Temperature-sensitive liposomes were initially proposed containing 1,2-dipalmitoyl-sn-glycero-3-phosphocholine (DPPC) with a phase transition of T_m = ∼41°C and multiple formulations containing DPPC have been proposed (24, 25). The incorporation of lyso-phospholipids in DPPC-based liposomes decreases the phase transition temperature and speeds the release of the cargo, likely due to the creation of local defects within the lipid bilayer (26). The Thermodox™ formulation, with the incorporation of a lyso-phospholipid, releases at a clinically desirable temperature of ∼39°C. The incorporation of the lyso-phospholipids also enhances the ion permeability and drug release rates at the membrane phase transition (27). Unfortunately, using the conventional ammonium sulfate loading, liposomes containing lyso-phospholipids also rapidly release their cargo within the blood pool. As a result, while local delivery can be achieved within tens of minutes after injection, the dose limiting toxicities of such formulations have typically limited their application to single dose administration. Although the pre-clinical data using Thermodox has been very exciting, this activatable doxorubicin formulation reportedly failed to meet its primary endpoint in the Phase III HEAT Study in patients with hepatocellular carcinoma (HCC). Yet, in spite of this setback, the potential for temperature-sensitive vehicles to have a significant impact on the concentration and penetration of drugs within solid tumors is substantial. Although early clinical studies have typically been limited to one-time treatment, with new formulations repeated treatment should be feasible and the resulting clinical impact enhanced. Multiple alternative formulations have been proposed and compared and have been shown to enhance circulation time (25, 28–30). Alternative strategies using metal-drug complexes, a Brij surfactant and phosphatidylglycerol have been reported to enhance the stability of temperature-sensitive liposomes and are promising alternatives for future investigation. The ultrasound parameters used to enhance delivery with temperature-sensitive liposomes have also varied widely with the center frequency typically ranging from 1 to 3 MHz and duty cycle ranging from ∼10 to 100% (20, 31, 32).

Microbubbles

Micron-scale gas bubbles with a stabilizing shell are used in ultrasound imaging to improve imaging of the blood pool and have been widely applied in pre-clinical studies of enhanced drug delivery. The microbubble shell can be coupled to nanotherapeutics, such as liposomes, or coated with a drug (33, 34). The gas core can transport oxygen or other useful gas cargo, although for imaging the gas core is selected to reduce diffusion through the shell material (35). Alternative formulations in which liquid perfluorocarbon particles are injected and change to a gaseous phase in vivo have also been shown to have efficacy in the delivery of drugs to solid tumors (36).

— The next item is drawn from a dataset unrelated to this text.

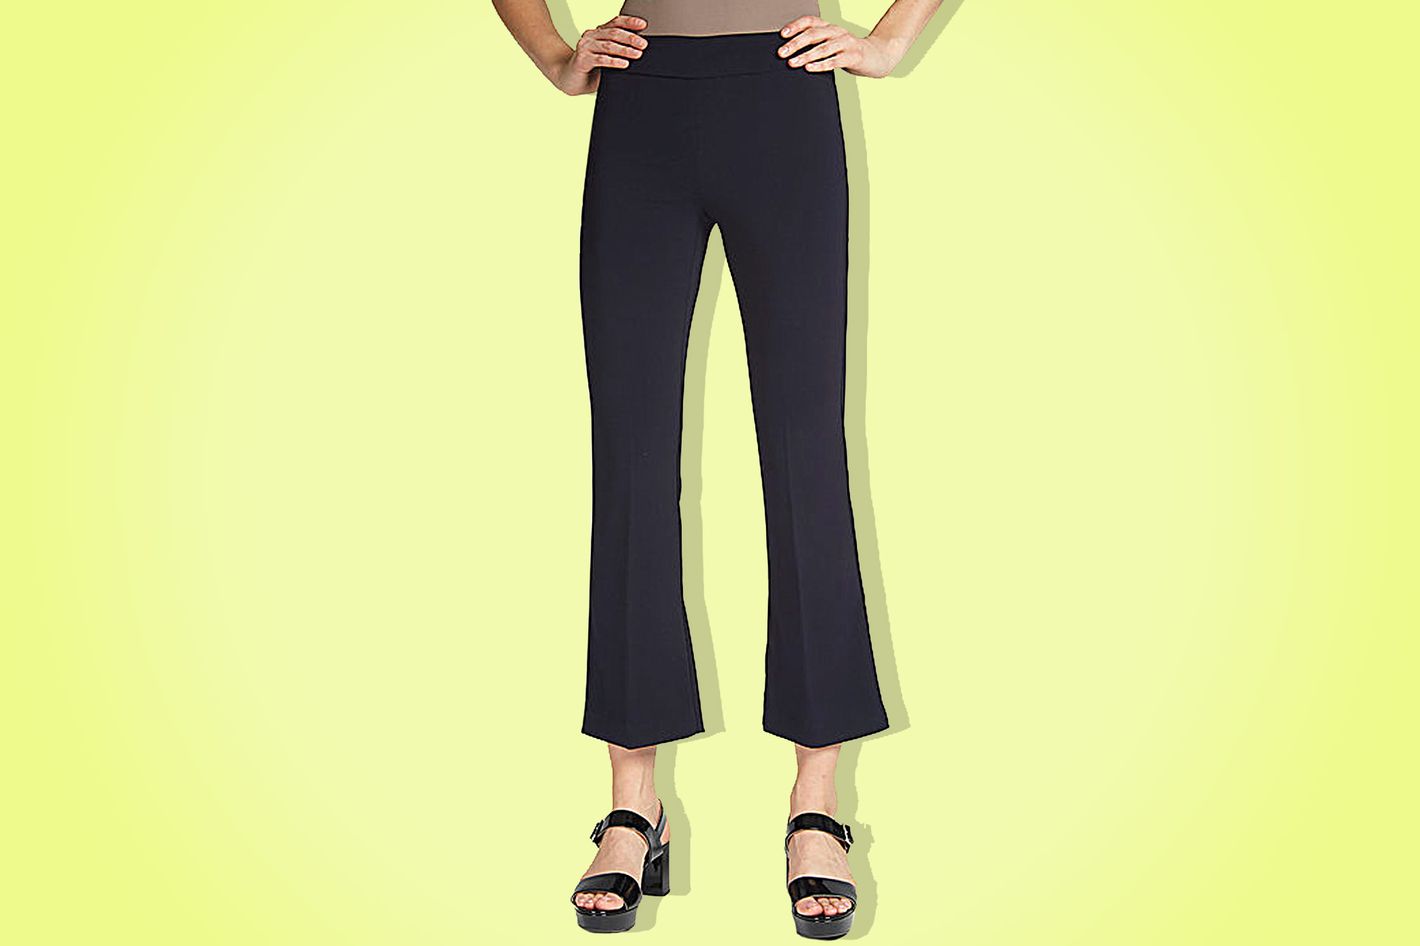 Marilyn Straight Pants Sculpt-Her™ Collection - Charcoal Heathered

Reflections of ultrasound waves from tissue increase in proportion to variations in density and compressibility of the medium and therefore highly compressible gas bubbles produce strong ultrasound echoes. These small bubbles expand and contract in response to ultrasound waves. When driven at a frequency near the resonance frequency that is determined by the size and physical composition of the microbubble, a multi-fold expansion can result. During the subsequent collapse, the velocity of the microbubble wall can reach hundreds of meters per second (37, 38), and the gas core can fragment into a set of small gas particles (39). Also, during microbubble collapse, small jets can impact nearby cell membranes and result in enhanced transport of materials into the cell. In vitro studies in phantom materials and ex vivo studies within tissues have confirmed that the oscillating microbubble can travel through the vessel wall or can affect the mechanical integrity of the vessel (40–42). Still, such jets affect cells only within a distance on the order of tens of microns. Therefore, the application of microbubbles to alter vascular, rather than tumor cell, permeability is attractive since the vascular concentration is initially high and large numbers of microbubbles are required to effectively change the membrane permeability of a large fraction of cells within a tissue. Within the vasculature, catheters have also been applied to direct streams of bubbles to a region of interest (43). Also, microbubble-enhanced gene delivery has been widely studied since the biological amplification resulting from transfection is expected to increase the impact of treatment although the protocols have varied (44–48). Within such studies, microbubbles and DNA have been co-injected or combined into a single vehicle and the administration has been intratumoral or intravascular. Typical ultrasound parameters for enhanced tumor gene delivery have included a center frequency on the order of 1 MHz and a low pulse repetition frequency; however, the peak negative ultrasound pressure has varied significantly and successful transfection at higher ultrasound frequencies has also been reported.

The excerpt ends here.